The July 25, 1975, television listings in Chicago’s Daily Herald newspaper featured two quick news tidbits under its “Personality Potpourri” heading. Dennis Weaver was now an honorary marshal of Taos, New Mexico. Meanwhile, a replacement had been found for Trapper John. “MIKE FARRELL joins MAS*H as Capt. B.J. Hunnicutt to star opposite ALAN ALDA,” the column announced.
They were big shoes — well, scrubs — to fill. Trapper John was a beloved member of the 4077th, a character popularized not just by Wayne Rogers on television, but portrayed by Elliott Gould on the big screen. B.J., on the other hand, was a fresh character created as a replacement.
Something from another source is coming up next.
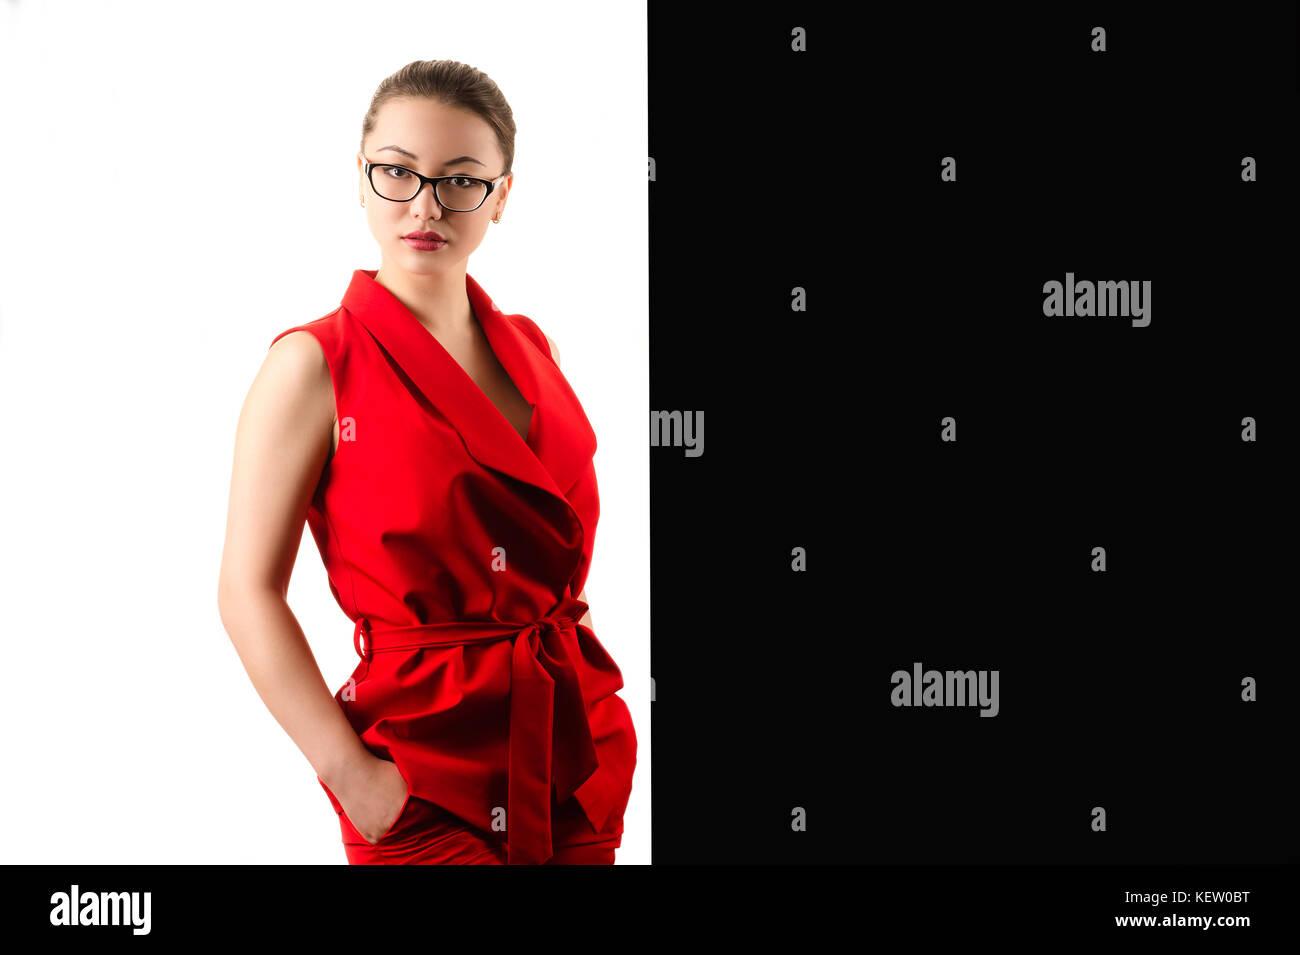 c949cccda087 Elegante business moda donna in abito rosso su nero e sfondo bianco  Immagini Stock

“We named him ‘BJ’ because our cameraman, a great guy, was named Bill Jurgensen,” MAS*H executive producer Gene Reynolds told The Hollywood Reporter. Wisely, the writers and creators were careful to not make B.J. a Trapper replica.
When promoting his new role to The Fresno Bee in September 1975, shortly after B.J.’s debut, Farrell made clear that “he would not have taken the role if the producers had just wanted another Wayne Rogers character.”
In fact, he was reluctant to take any television role. He was not exactly a big fan of the medium. The Minnesota native even turned down starring roles.
“Someone offered me a pilot role before this and I rejected it,” Farrell told the Bee. He said a prior series he had done with Anthony Quinn was “disastrous.” That would have been The Man and the City, a political drama about local politics shot in New Mexico. Farrell played the obstructive deputy to Quinn’s mayor.
Television might have left a bad taste in Farrell’s mouth, but he had a good number of credits to his name — typically as a doctor.
“Actor Is Veteran of Medic Role,” the Fresno Bee wrote two months later in a headline. The short piece noted that Farrell had his breakthrough as a regular, Dr. Sam Marsh, on The Interns from 1970–71. He had also played docs in small parts on Marcus Welby, Medical Center and The Bold Ones.
“Another few years on MAS*H and I’ll be ready to hang out my shingle,” Farrell joked.
So what made him jump aboard MASH? Quite simply, he was a fan. “MASH Star Is Antiwar Activist,” the earlier Fresno Bee headline declared. Farrell called MASH an “effective, entertaining series,” adding that he is “consistently amazed at the things the MASH producers get away with in a series designed for a mass audience.”
The former Marine simply noted that MAS*H is “far and away” superior.
Farrell welcomed the “financial independence” afforded by his MAS*H gig, citing a desire to return to theatrical acting.
Of course, he would do more television acting. Television changed significantly in the 1970s, thanks largely to shows like MAS*H. Notably, Farrell returned to a regular TV job around the turn of the Millennium with Providence. He played a doctor.